Desde que o primeiro aluno negro ingressou em uma universidade
pública pelo sistema de cotas, há dez anos, muita bobagem foi dita por
aí. Os críticos ferozes afirmaram que o modelo rebaixaria o nível
educacional e degradaria as universidades. Eles também disseram que os
cotistas jamais acompanhariam o ritmo de seus colegas mais iluminados e
isso resultaria na desistência dos negros e pobres beneficiados pelos
programas de inclusão. Os arautos do pessimismo profetizaram
discrepâncias do próprio vestibular, pois os cotistas seriam aprovados
com notas vexatórias se comparadas com o desempenho da turma considerada
mais capaz.
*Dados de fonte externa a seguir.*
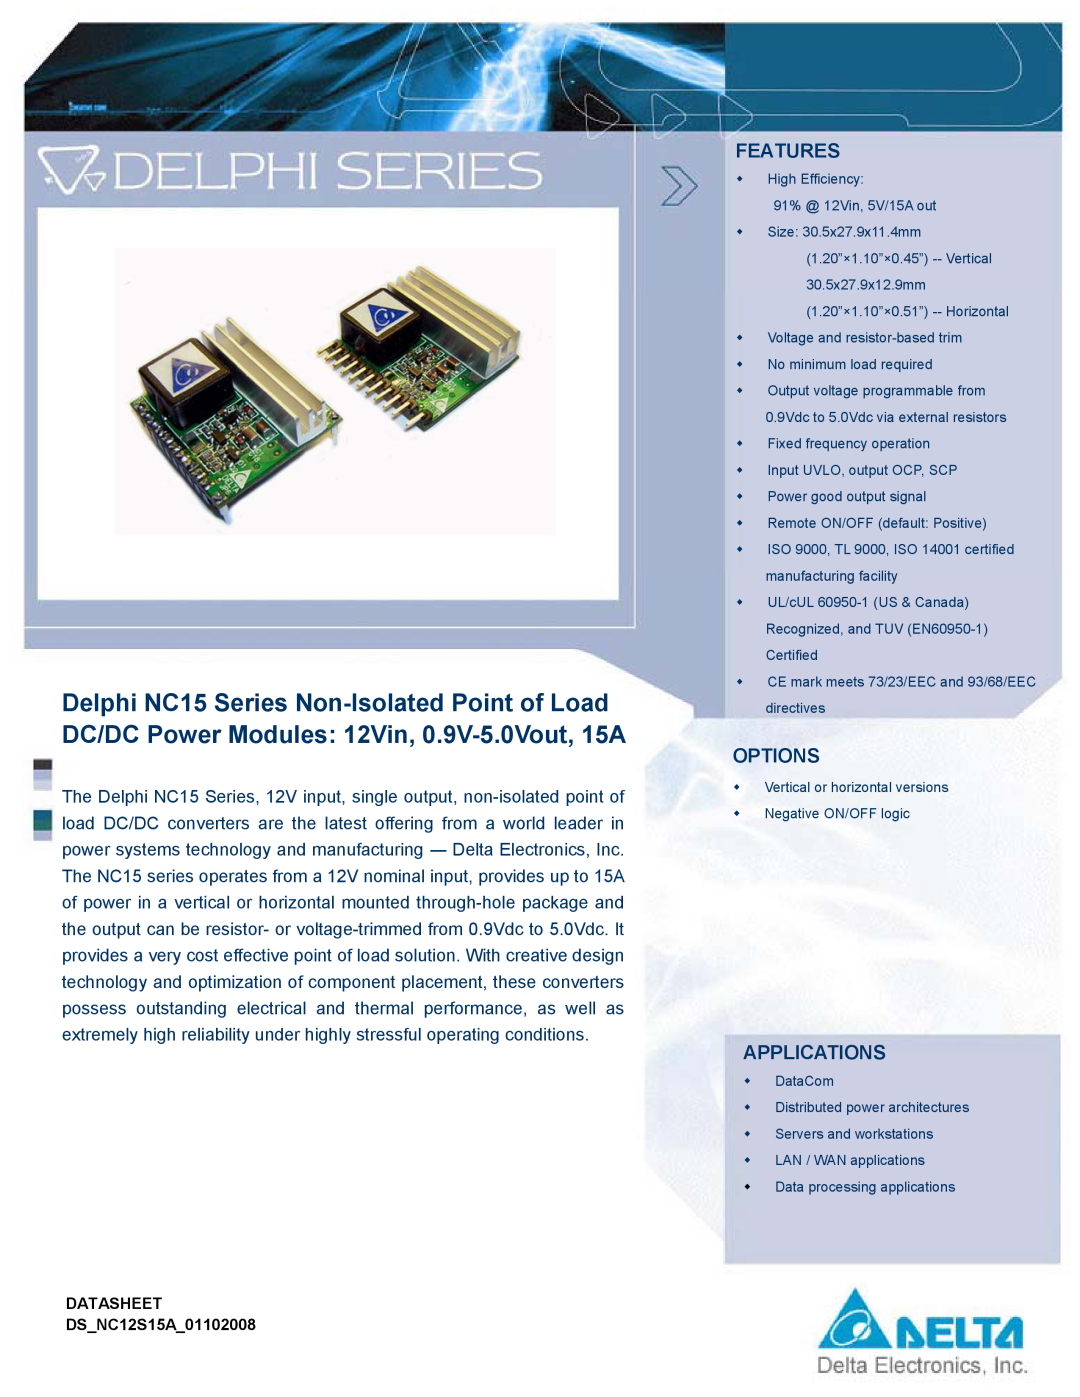 Delta Electronics NC15 Series manual Features, Options, Applications, DATASHEET DSNC12S15A01102008 
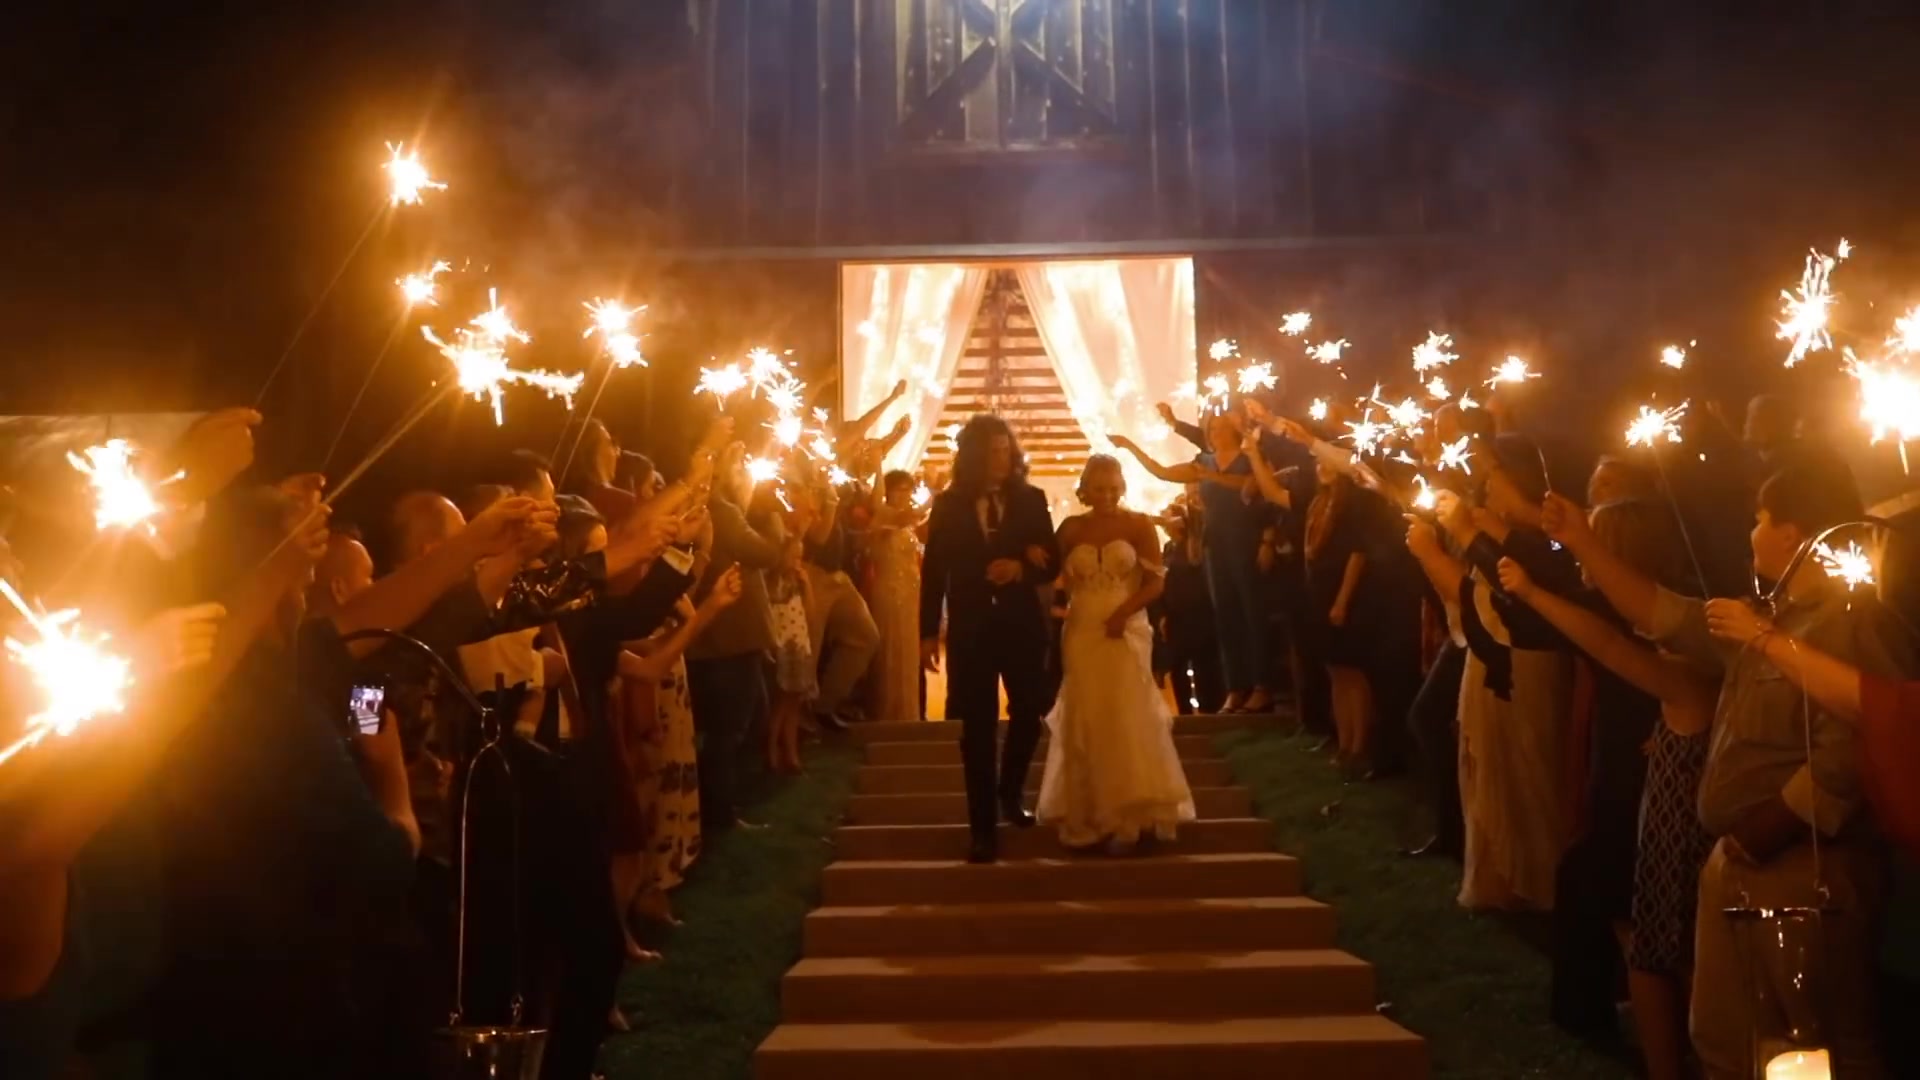 foehner-wedding-video-267.jpg

Para os apocalípticos, o sistema de cotas culminaria numa
decrepitude completa: o ódio racial seria instalado nas salas de aula
universitárias, enquanto negros e brancos construiriam muros imaginários
entre si. A segregação venceria e a mediocridade dos cotistas acabaria
de vez com o mundo acadêmico brasileiro. Mas, surpresa: nada disso
aconteceu. Um por um, todos os argumentos foram derrotados pela simples
constatação da realidade. “Até agora, nenhuma das justificativas das
pessoas contrárias às cotas se mostrou verdadeira”, diz Ricardo
Vieiralves de Castro, reitor da Universidade do Estado do Rio de Janeiro
(Uerj).
As cotas raciais deram certo porque seus beneficiados são, sim,
competentes. Merecem, sim, frequentar uma universidade pública e de
qualidade. No vestibular, que é o princípio de tudo, os cotistas estão
só um pouco atrás. Segundo dados do Sistema de Seleção Unificada, a nota
de corte para os candidatos convencionais a vagas de medicina nas
federais foi de 787,56 pontos. Para os cotistas, foi de 761,67 pontos. A
diferença entre eles, portanto, ficou próxima de 3%. ISTOÉ entrevistou
educadores e todos disseram que essa distância é mais do que razoável.
Na verdade, é quase nada. Se em uma disciplina tão concorrida quanto
medicina um coeficiente de apenas 3% separa os privilegiados, que
estudaram em colégios privados, dos negros e pobres, que frequentaram
escolas públicas, então é justo supor que a diferença mínima pode,
perfeitamente, ser igualada ou superada no decorrer dos cursos. Depende
só da disposição do aluno. Na Universidade Federal do Rio de Janeiro
(UFRJ), uma das mais conceituadas do País, os resultados do último
vestibular surpreenderam. “A maior diferença entre as notas de ingresso
de cotistas e não cotistas foi observada no curso de economia”, diz
Ângela Rocha, pró-reitora da UFRJ. “Mesmo assim, essa distância foi de
11%, o que, estatisticamente, não é significativo.”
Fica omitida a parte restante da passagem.